_Information supplied_:
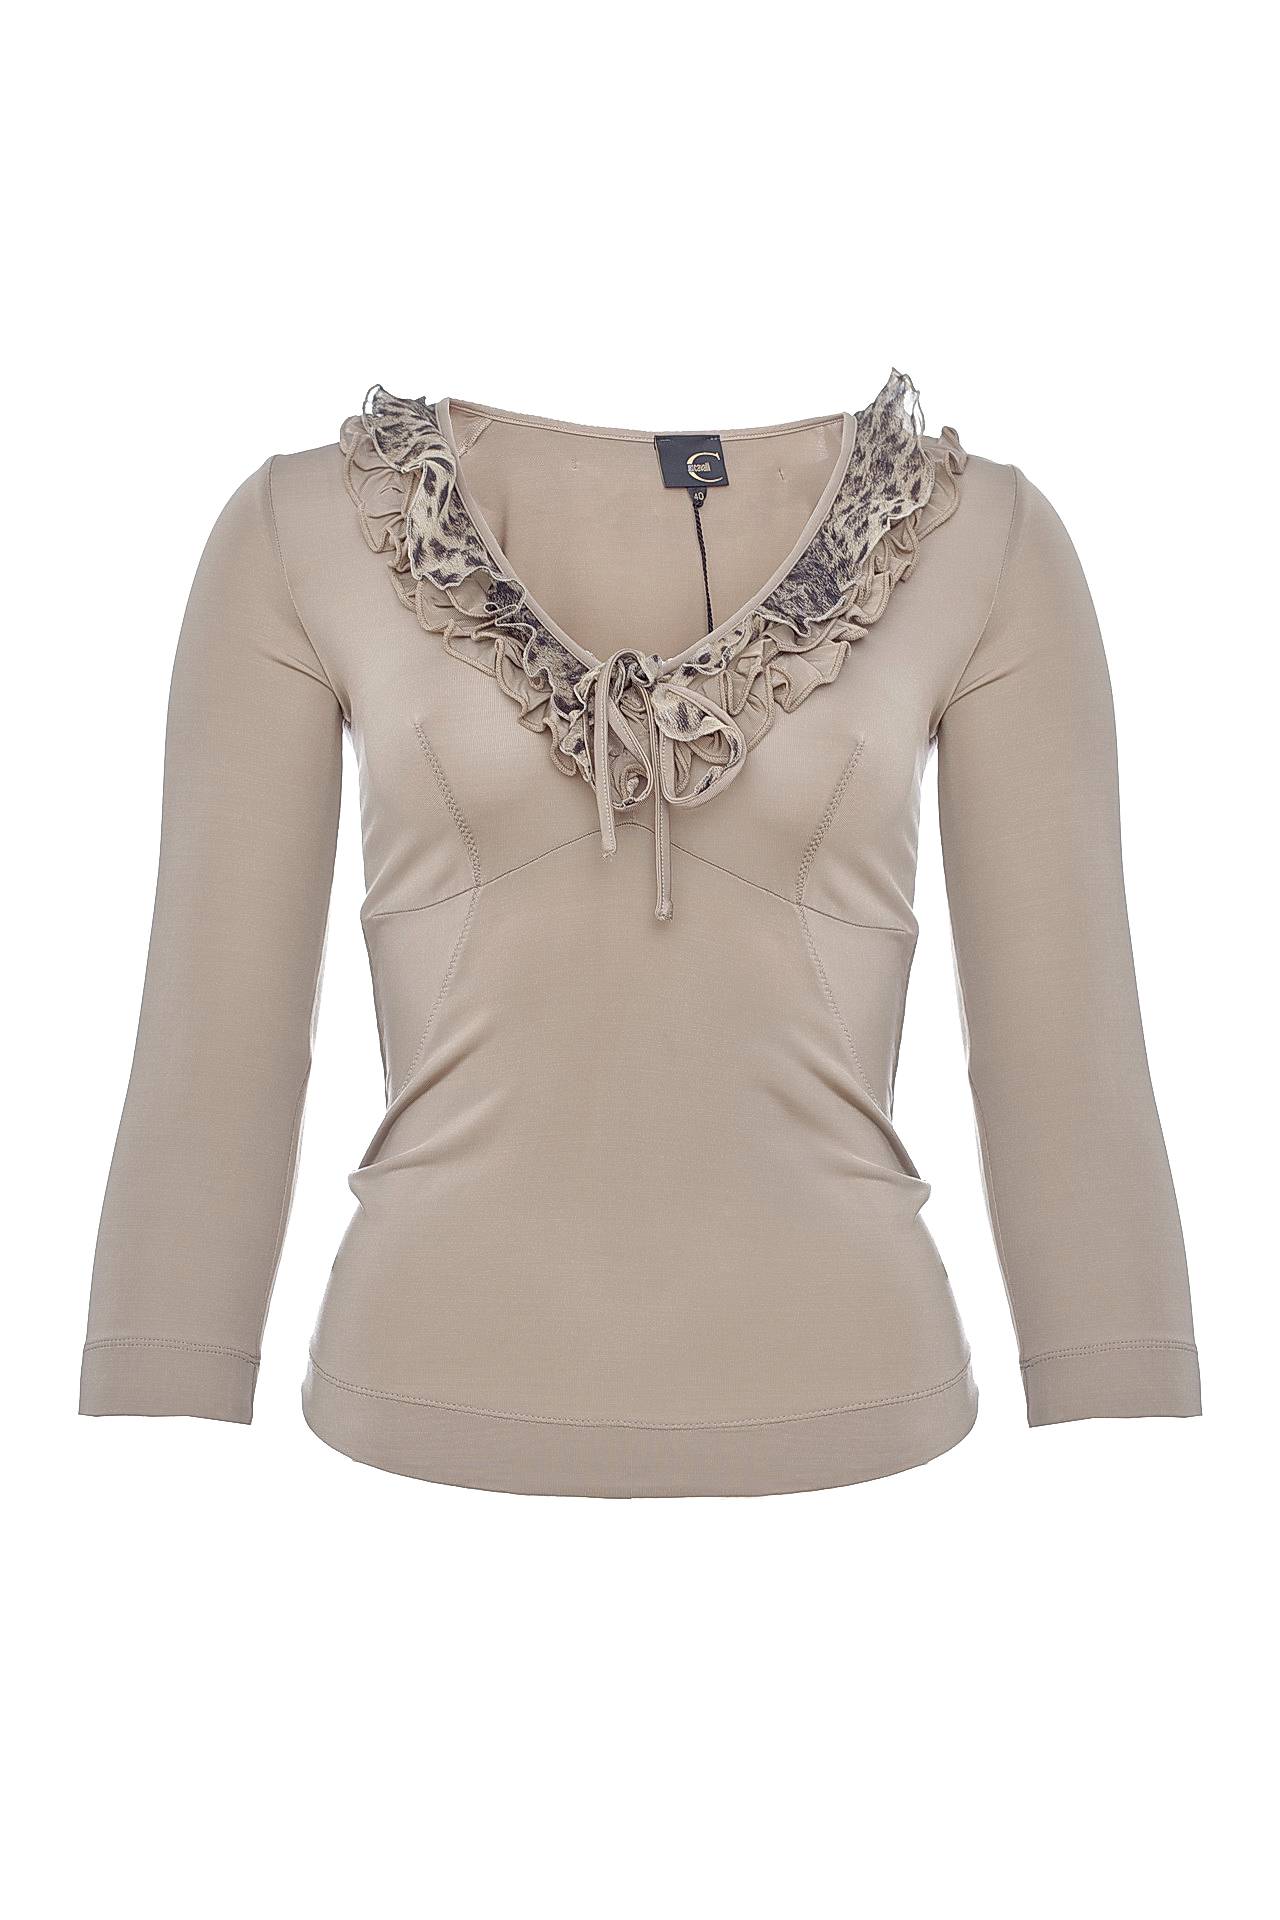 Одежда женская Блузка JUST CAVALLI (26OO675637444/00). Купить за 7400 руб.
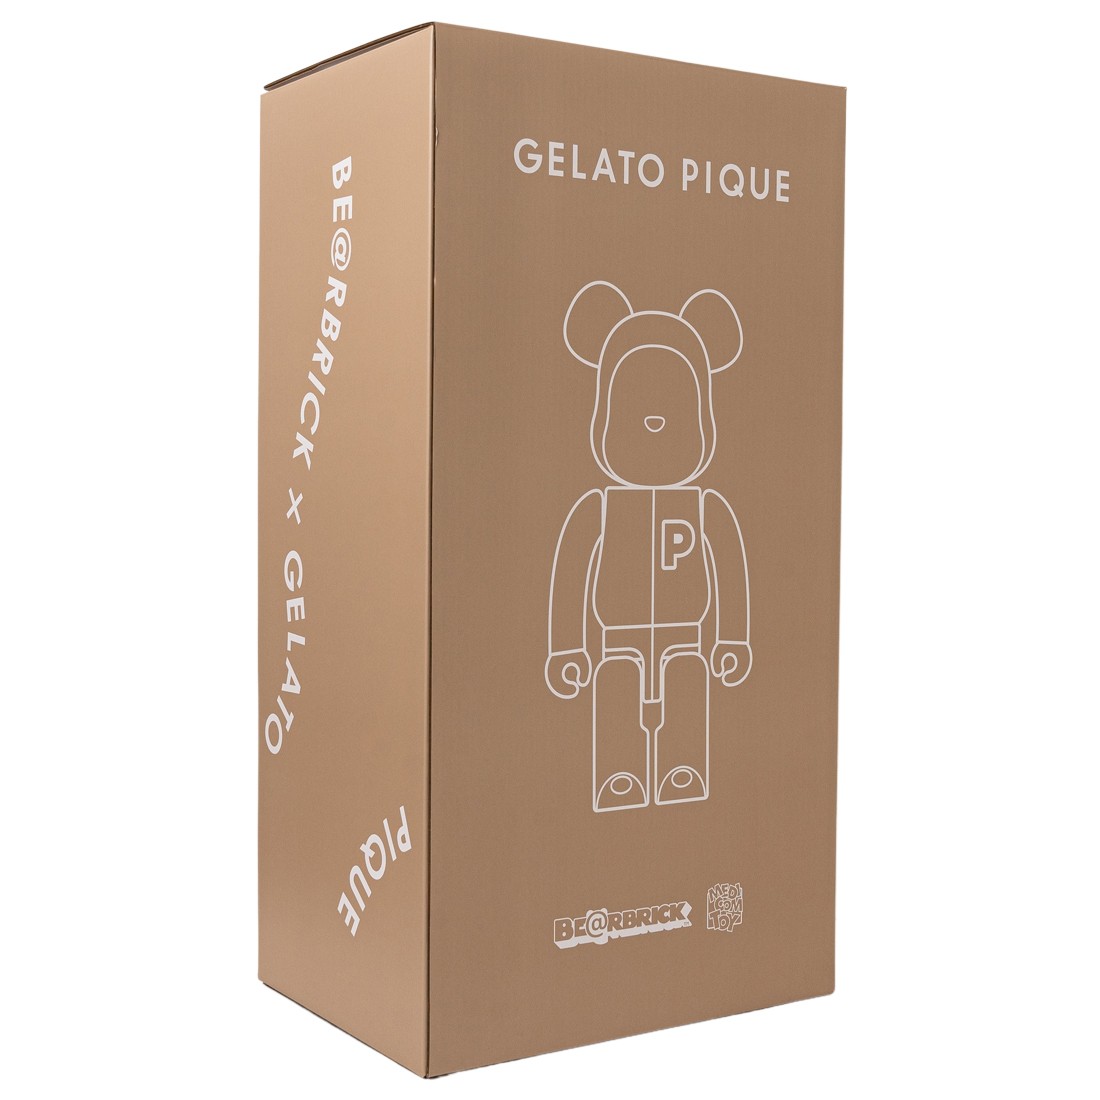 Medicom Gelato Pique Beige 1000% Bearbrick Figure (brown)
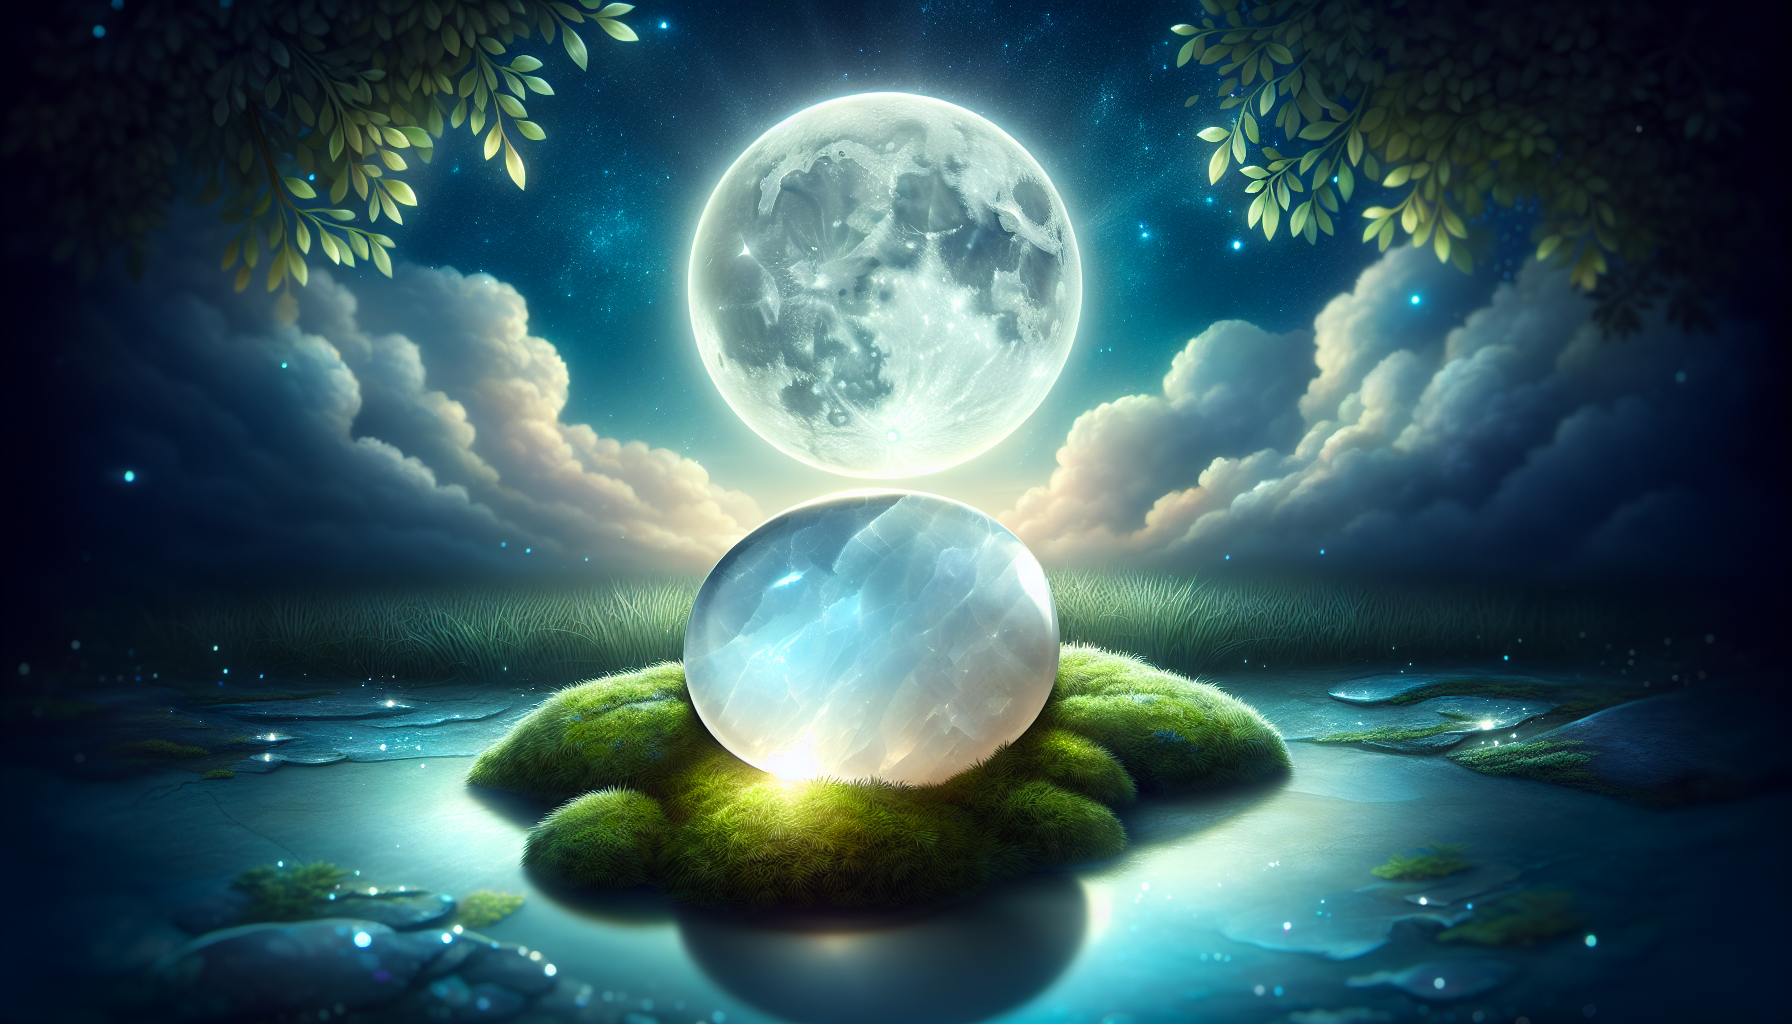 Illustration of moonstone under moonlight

_Work instructions_: Down to the last line, print the material exactly, but not its pictures.

_Expected answer_:
 Одежда женская Блузка JUST CAVALLI (26OO675637444/00). Купить за 7400 руб.
 Medicom Gelato Pique Beige 1000% Bearbrick Figure (brown)
 Illustration of moonstone under moonlight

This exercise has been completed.